そう思うと、街での暮らしが今より少し楽しみになりませんか?
11/18(土)・19(日)は「STREET PLACE CHALLENGE」開催
来る11月18日・19日は「TOKOROZAWA STREET PLACE」の経験を踏まえ、「STREET PLACE CHALLENGE」が開催されます。所沢市都市計画課が策定する「所沢駅周辺グランドデザイン」を踏まえつつ、建築家/RFA主宰・藤村龍至さん、ハートビートプラン・園田聡さん、そして今回ご紹介した飯石さんという3人の専門家が仕掛けます。
2回目となる今回は、七五三の子ども達で賑わう所澤神明社・旧市役所前・元町コミュニティ広場を繋ぎ、ローカルのコンテンツが集まるマーケットと居心地の良い空間を提案。イベントと日常を繋ぎます。
また、この2日間「TOKOROZAWA DESIGN WALK」という名称で市内7カ所でイベントが行われています。現在、参加予定の各所でガイドマップを配布中です。ぜひ手に入れて街歩きを楽しんでください!
https://www.city.tokorozawa.saitama.jp/kurashi/jutaku/chushinshigaichi/TSP2023.html
飯石藍さん プロフィール
公共R不動産メディア事業部マネージャー/株式会社nest取締役
所沢市立美原中卒業、埼玉県立川越女子高校卒業、上智大学文学部新聞学科卒業。
公共空間にまつわる実践型メディア「公共R不動産」にて、公共空間活用のリサーチ&情報発信、発注のプロセスデザイン、「公共空間逆プロポーザル」など、公共空間のクリエイティブな活用に向けた様々な事業を企画推進。
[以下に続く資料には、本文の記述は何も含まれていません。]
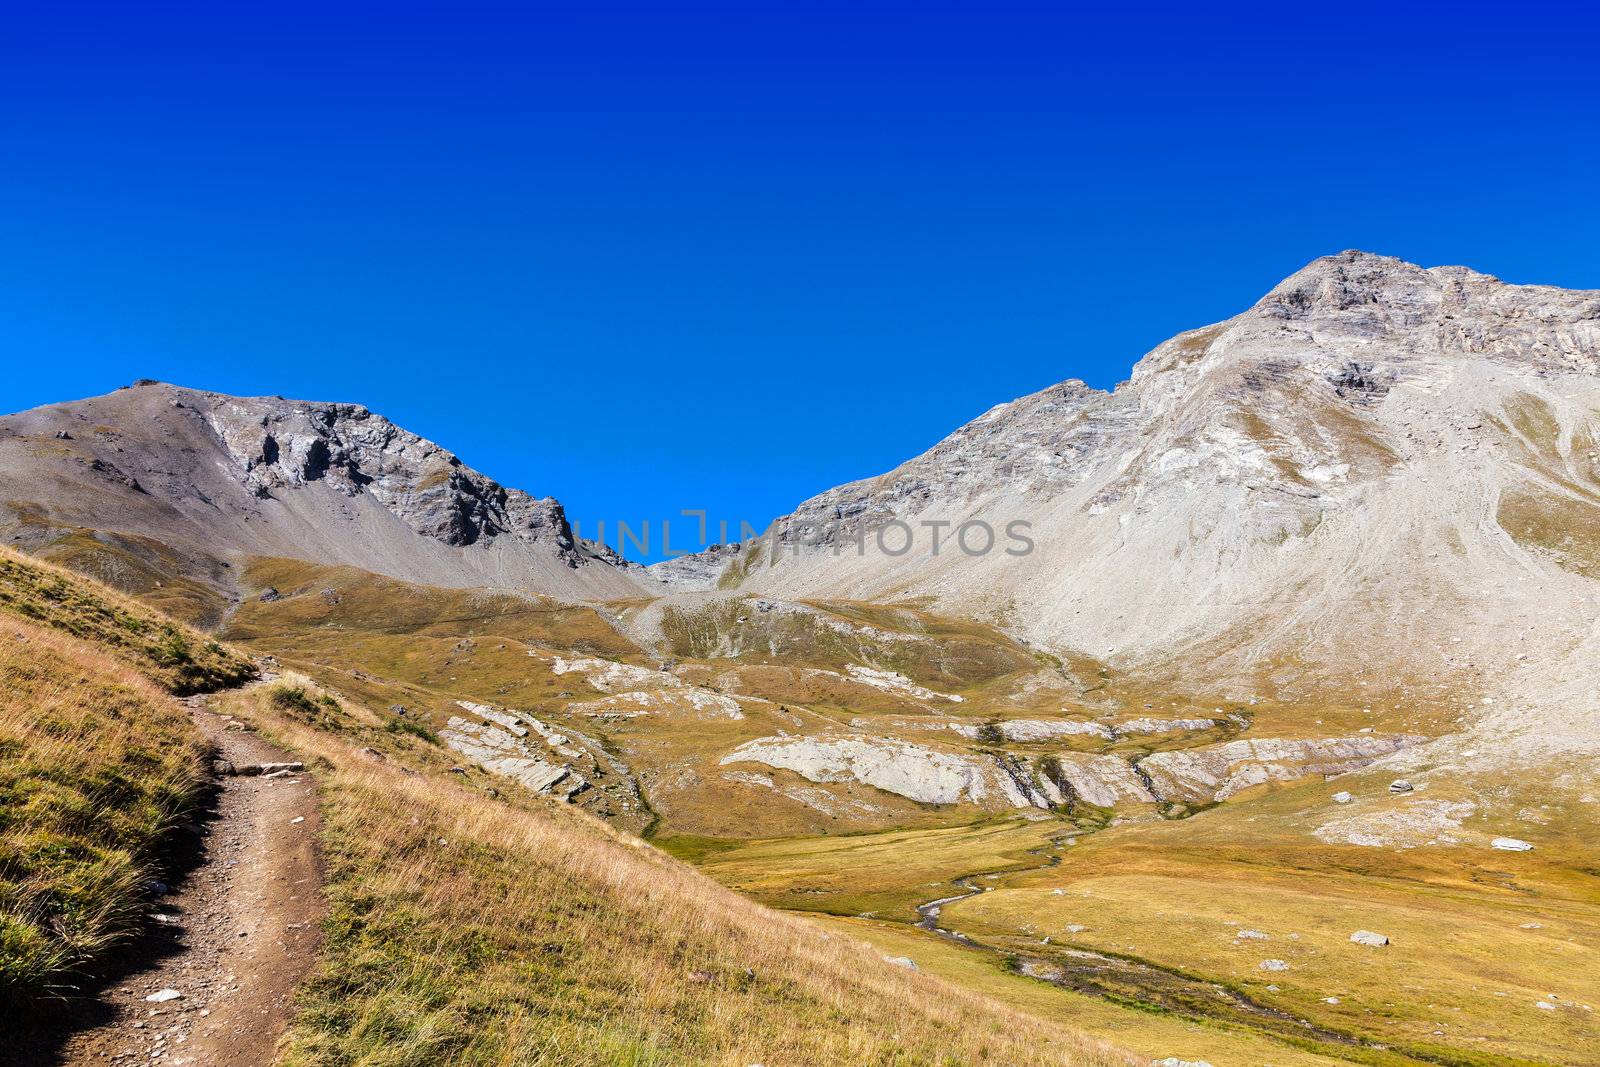 Footpath in the Mountains by RazvanPhotography

また、豊島区の南池袋公園・グリーン大通りを中心とした社会実装プログラム「IKEBUKURO LIVING LOOP」にて、社会実験をハード整備や都市政策につなげ、公共性・寛容性あふれるパブリックスペースを生み出すべく地元企業と協業して推進中。
共著書に『公共R不動産のプロジェクトスタディ 公民連携のしくみとデザイン 』(学芸出版社)。